Three-season rooms require precise craftsmanship and careful consideration of placement, says Degnan. “With a three-season room, you don’t have drywall to cover up average framing. In a four-season room, drywall and siding cover up minor imperfections. With a screened porch or three-season room, virtually everything you do is seen,” he says.
And you can easily use a three-season room eight to 10 months out of the year, especially if the room faces south for optimal sun exposure, both Degnan and Kripps say.
“South-facing is the best for the most use of a three-season room, but we build them facing any direction,” Kripps says. “Our customers will use a space heater or an electric fireplace to take the chill off a three-season room.”
Indeed, many homeowners are figuring out ways to make three-seasons usable year-round. “In the city of Madison, you can actually put in a woodburning fireplace and have that heat up the room,” Degnan says. “In the suburbs and rural areas, the most popular option is putting in a gas fireplace. I have numerous clients that have three-season rooms that face south. Here, the amount of natural sunlight will warm up the room into the 50s, and only a little bit of extra heat is needed.”

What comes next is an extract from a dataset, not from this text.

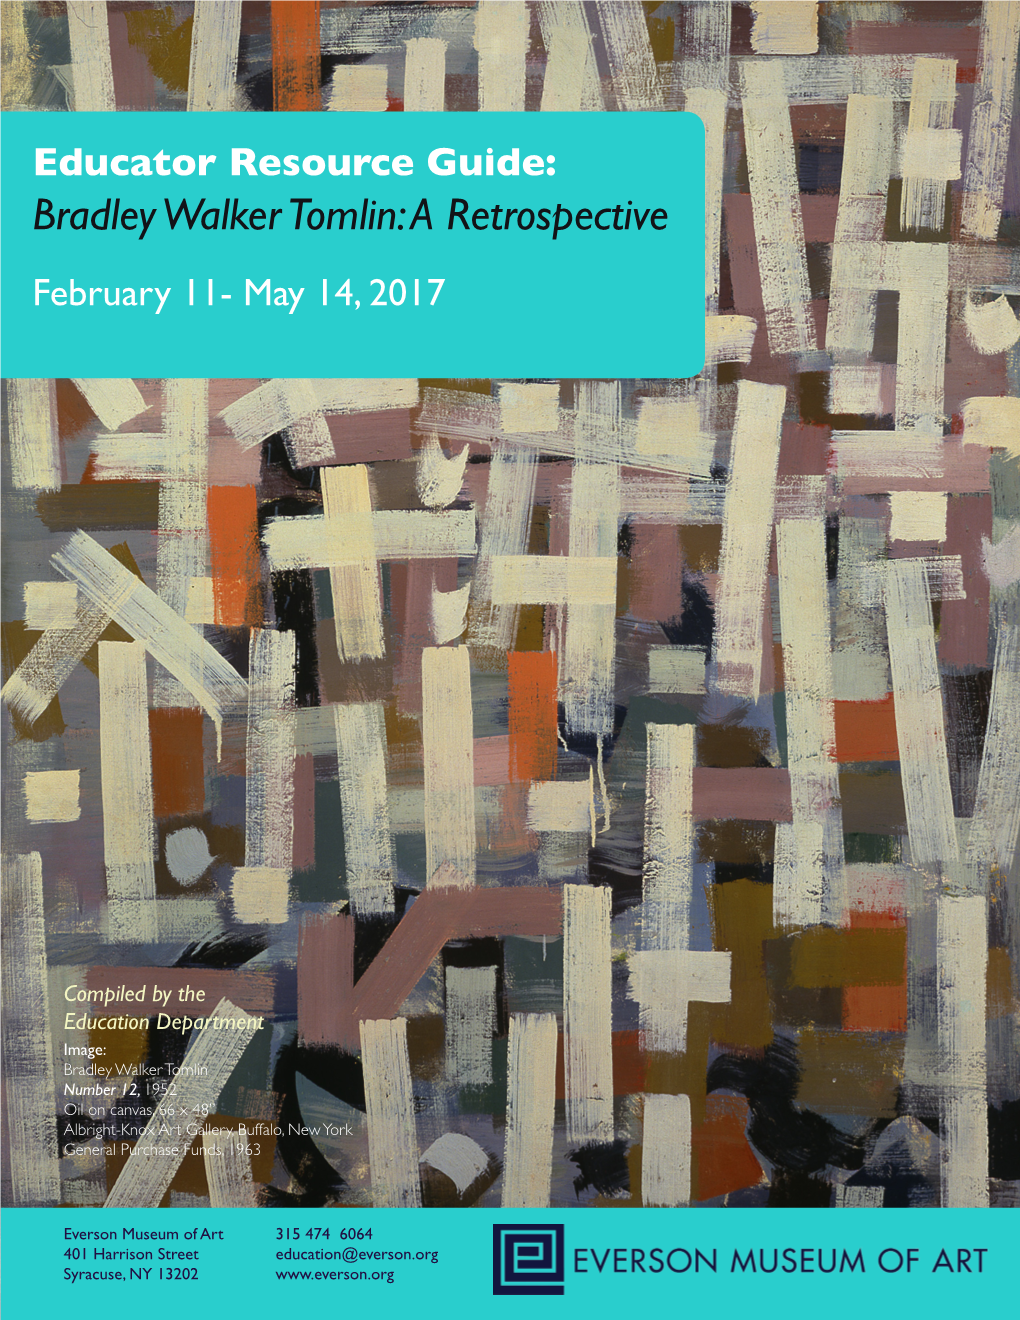 Bradley Walker Tomlin: a Retrospective February 11- May 14, 2017

Two of Degnan’s clients, Emily and Jason in Fitchburg, had an unshaded, south-facing back deck that was too warm in the summer, but not warm enough once temperatures dropped. “There was a really great deck on the back of our home,” says Emily. “We loved this feature. However, we found that it was so sunny that we often didn’t enjoy it. We were originally thinking of a screened porch, but the more we talked to Abe and the designers, the more we thought that a three-season room would actually work best for our family’s needs.”
In the summer, they keep the three-season room’s windows open, making it feel like an outdoor space. “During the cooler seasons, including winter, we put the fireplace on and thus have another family or sitting room. It’s a really great, flexible space,” Jason says.

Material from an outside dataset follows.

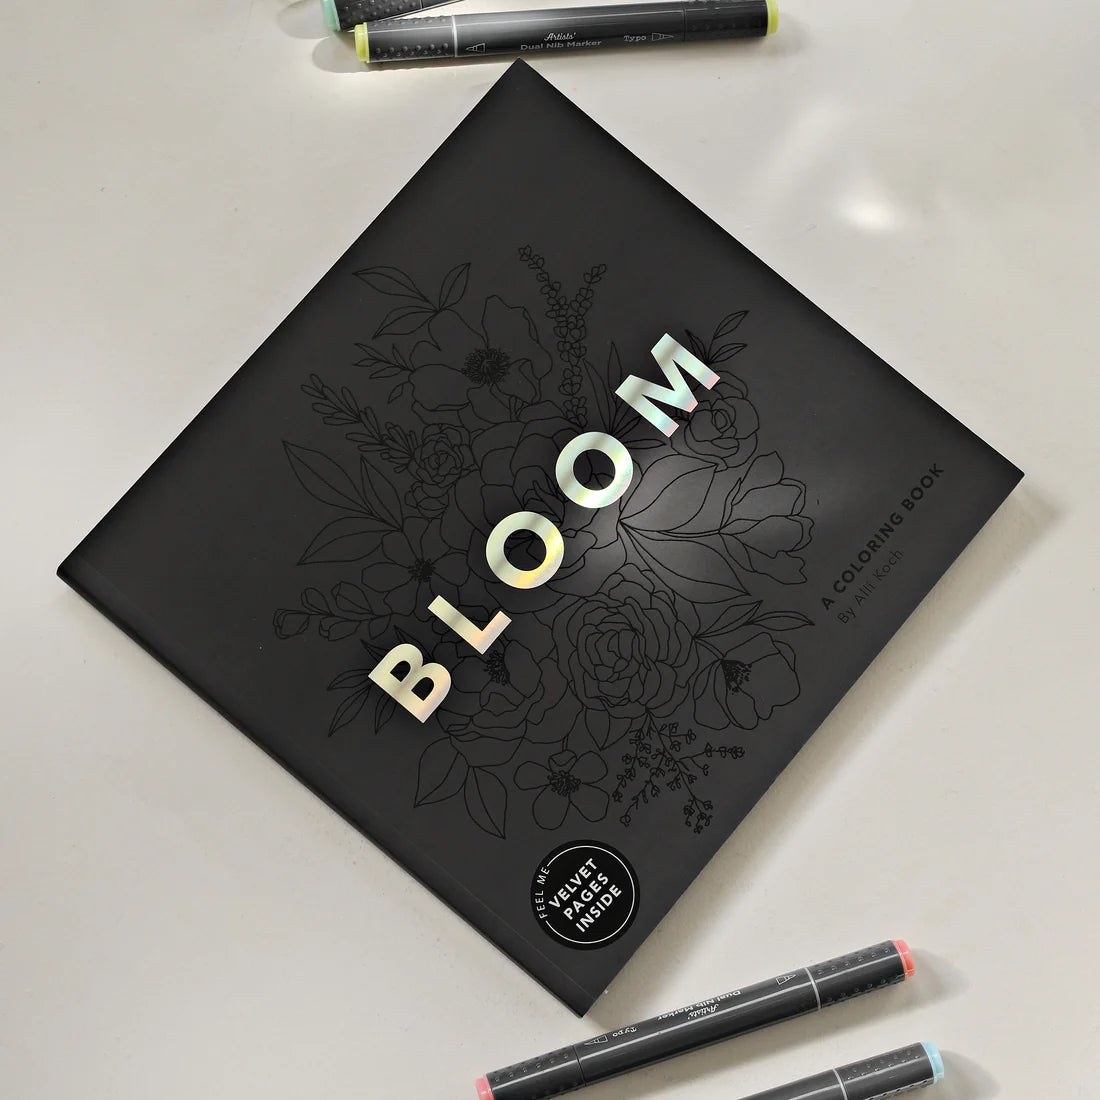 Bloom Mini Floral Coloring Book

The design of a three-season room can depend on the existing structure. “If the infrastructure is already there, then we might be going for a more minimalist look by trying to make it feel very open in the way the original porch was [and include] the biggest windows possible,” Degnan says. When designing from the ground up, the homeowners might opt for a unique window design, a fireplace or a trim that is stained or painted.
“For us, having the ability to close off the room during the winter but completely open it during the summer was important, so we needed door and window options that did that,” Emily says. “Since our folding door allows us to open the three-season room to the rest of the house completely, we have a whole other table and space for guests and family to gather,” Jason adds.
Degnan enjoys collaborating with clients on these kinds of projects, and he’s seen it all. “We even built a two-story three-season room once,” recalls Degnan. “That project might have been the most memorable.”
Michelle Mastro is a home and lifestyle freelance writer.